Archive for January, 2010

It’s Raining Lions and Hyenas!

Forget “When it rains, it pours” and forget “It’s raining cats and dogs!”

  • My daughter and I finished her Science Fair project and I couldn’t even go because I had a quiz in Statistics that I failed. I should have just missed the quiz!
  • Another reason I couldn’t make the Fair was because of my Management class and how he’s adamant with checking our names on the roll like we’re in 3rd grade. He didn’t even check the roll.
  • Oh, ANOTHER reason why I should have just stayed home is because I woke up happy, THEN my period comes. Periods are painfully sweet, yanno? It’s a sweet to find out you’re not pregnant by enduring pain. So, while enduring this pain, I had to walk what seemed like 5 miles to class and then back.
  • Oh it gets BETTER!.

  • I get to work, clock out for lunch and the truck WON’T start. I figured it was nothing and just ate at the cafe inside the building. I clock out to go home and the truck STILL won’t start. It takes me 30 mins to find the number to Roadside Rescue with Sprint. AAA comes and they say it could be the battery or the fuel pump. I had to get the truck towed home. The worst feeling in the world is the go to bed hungry because you can’t drive to the store and get something to eat or open your fridge because you haven’t bought groceries. The irony is that I had planned on going after I got off from work. FML!
  • I couldn’t even go and pick up C.W. because his car needs a radiator which marks a week since the last time we’ve seen each other. Everything is getting in the way of us. Is this a sign?
  • I took a cab to work this morning. I made it in the parking lot at 8:04 AM and I was supposed to be at work for 8:00 AM. Thank God for the 7 minute grace period. Sorta. I had to run up 6 flights of stairs JUST to make it on time. FML, AGAIN!
  • So, why am I still smiling? Why am I still happy? Your guess is as good as mine!

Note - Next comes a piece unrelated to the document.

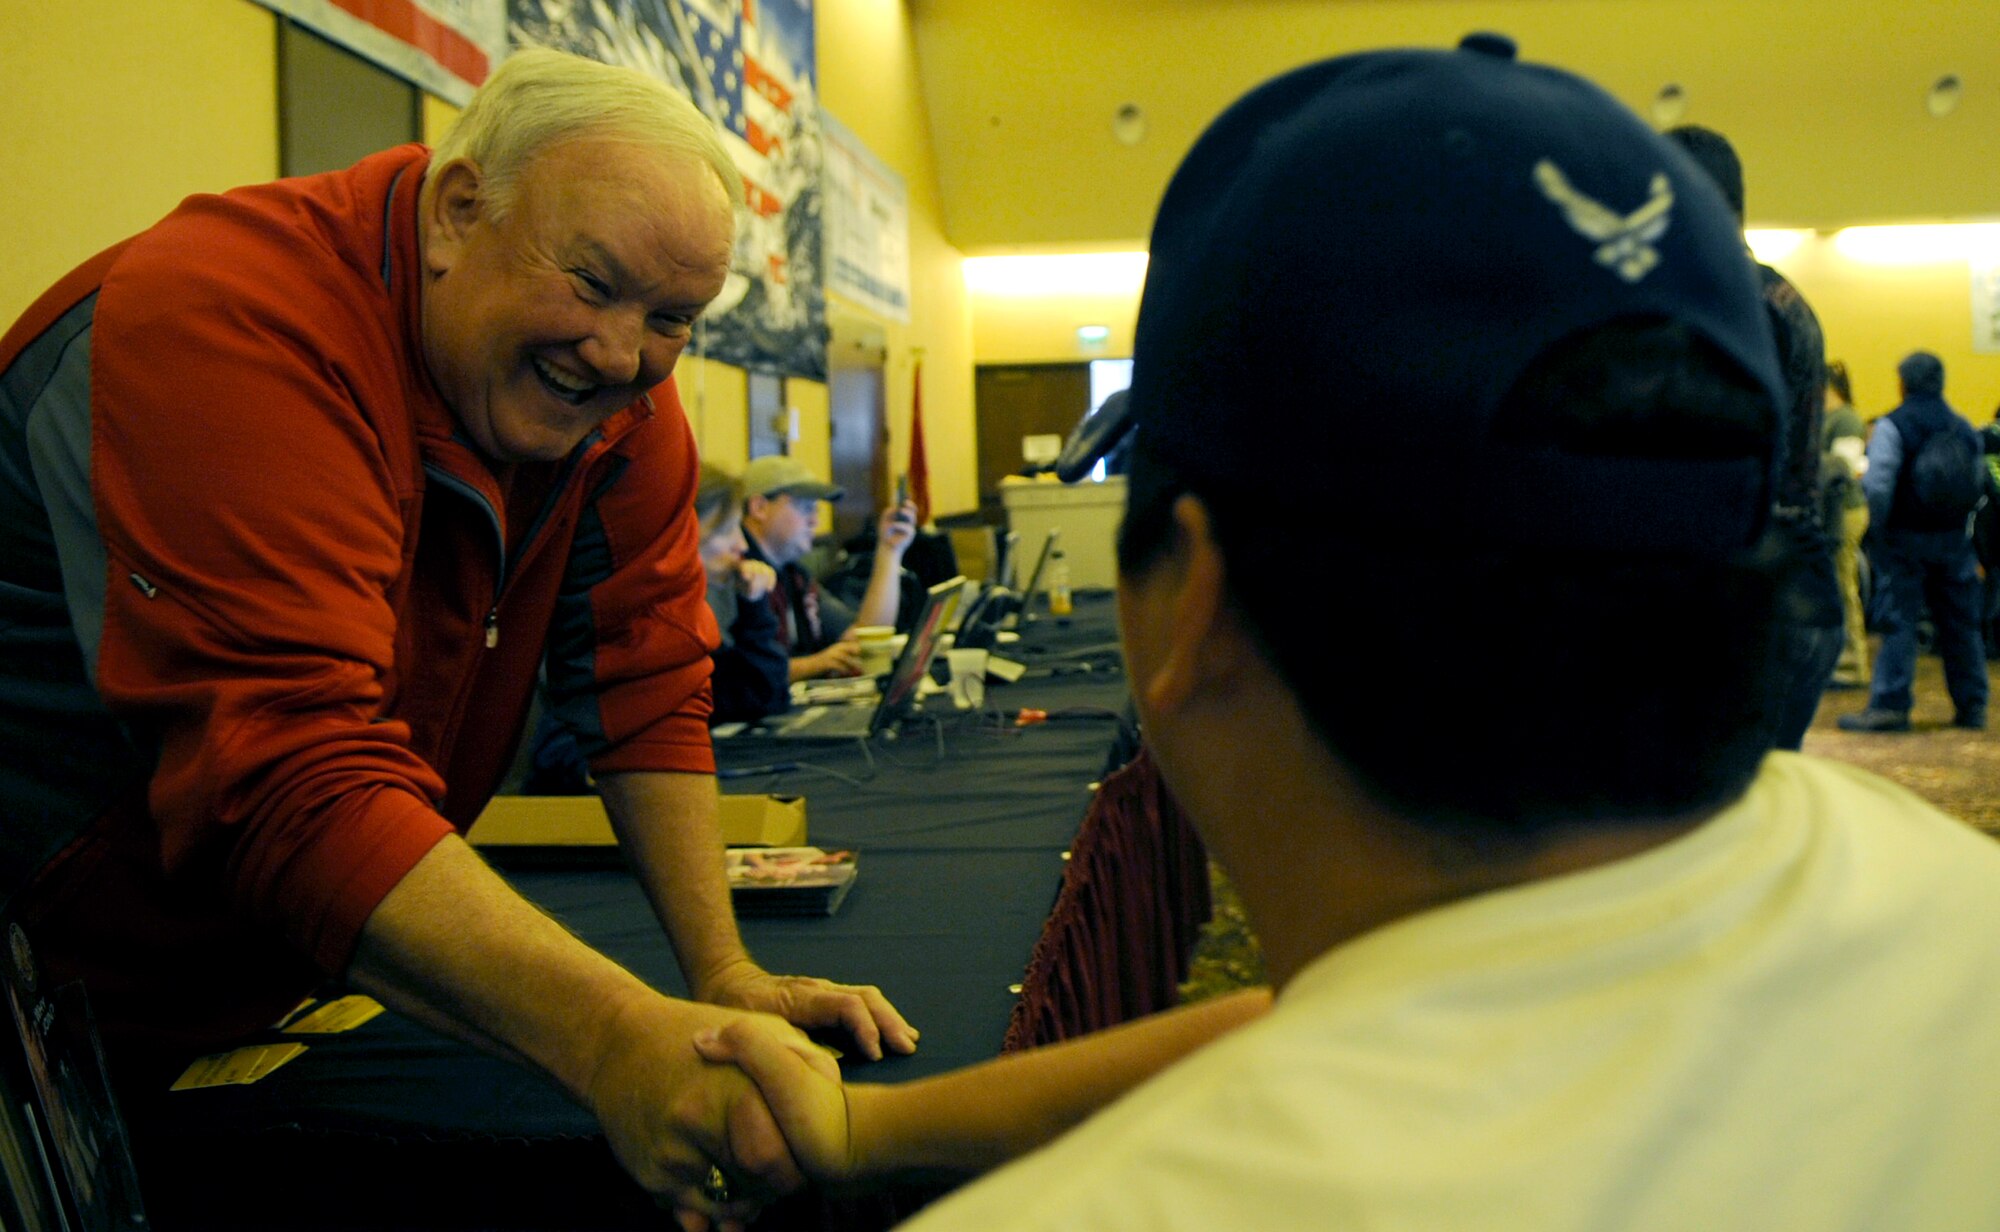 Senior Airman Kevin Krogh shakes hands with Larry Barnett inside The Silver Tree Hotel March 29 during registration for the 23rd National Disabled American Veterans Winter Sports Clinic in Snowmass Village, Colo. Airman Krogh lost both legs in a major car accident in 2007 and this will be his first year attending the sports clinic. Airman Krogh is assigned to Fort Sam Houston in San Antonio. Mr. Barnett is a former umpire in Major League Baseball. (U.S. Air Force photo/Staff Sgt. Desiree N. Palacios)

    There’s a bunch of other shit that has occurred early this week that I care not to mention because of that exact reason — I DO NOT CARE. I’m STILL standing! I am amazed at my strength! Just call me Wonder Woman. Hell, even Superwoman will suffice!!!!!!!!

    7 comments

    And it begins…

    ..the assignments, the projects, the quizzes, the homework, the sleepless nights, the days without enough time, the nights without enough time for sleep, the private calls, the continous nonsense with my son’s father, me not keeping in touch with the new “boo” because of all of the above…

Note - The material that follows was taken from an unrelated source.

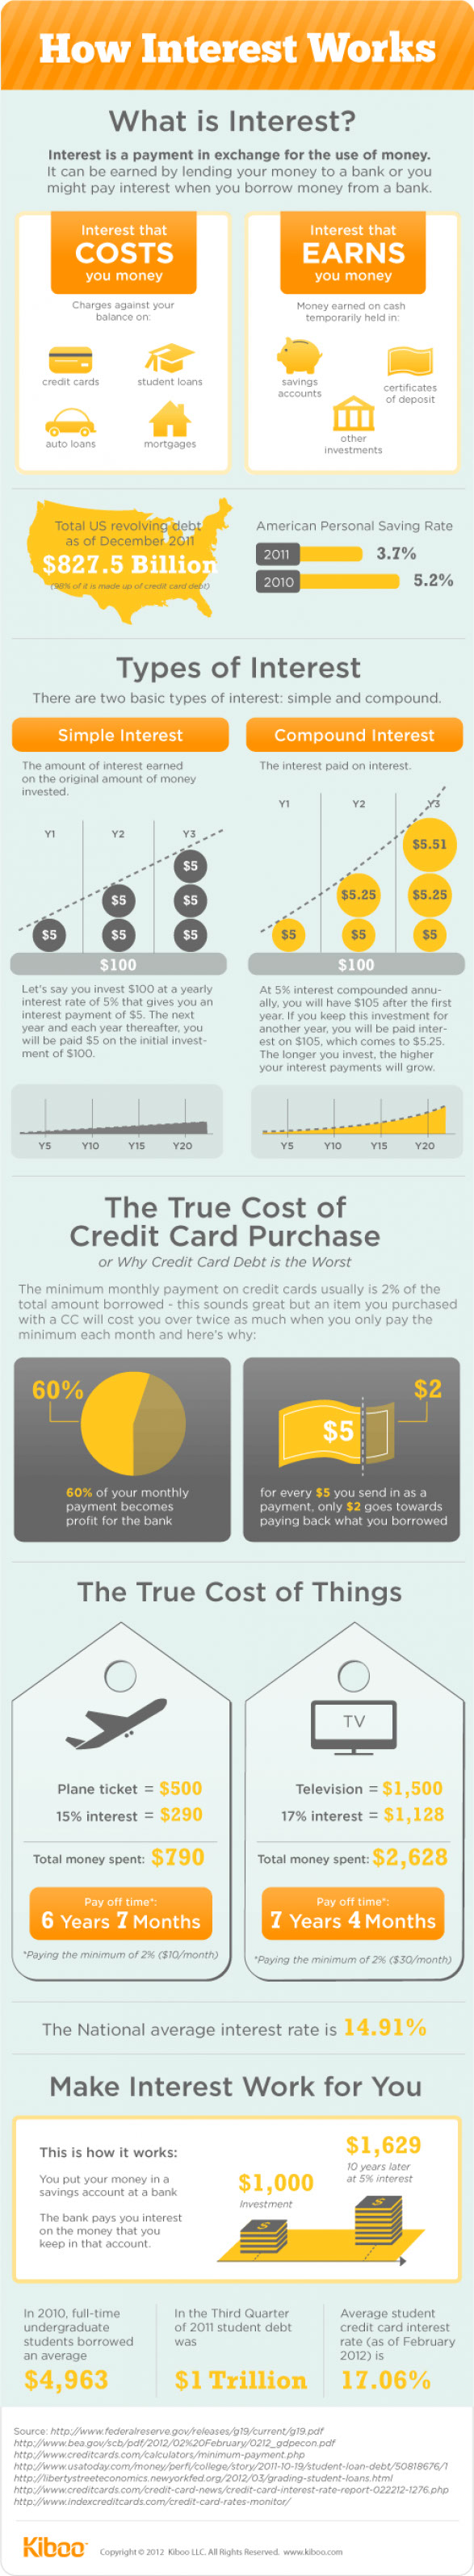 How-Interest-Rates-Work-infographic

    I definitely need to do better. My focus is definitely where it needs to be–my children, school, and work. I’m trying to make time for C.W. but I really don’t have the energy. He hasn’t started complaining yet but he has called me EVERYDAY this week, continuously (I don’t mind) and I have not answered. I want to, but I’m sleep or too tired. Maybe this weekend we can spend some time together. I had to take off Tuesday JUST to get some rest in which I wasn’t too successful. I’m supposed to be resting now before I pick up the children from daycare but I’m “researching” things on Network Topology which isn’t due until next Tuesday. Who knows what will happen until then or how much I will forget. This week has not been a good week for me. I can’t wait until I get settled in my new place and be able to relax. Moving at the beginning of the semester was definitely NOT a good idea.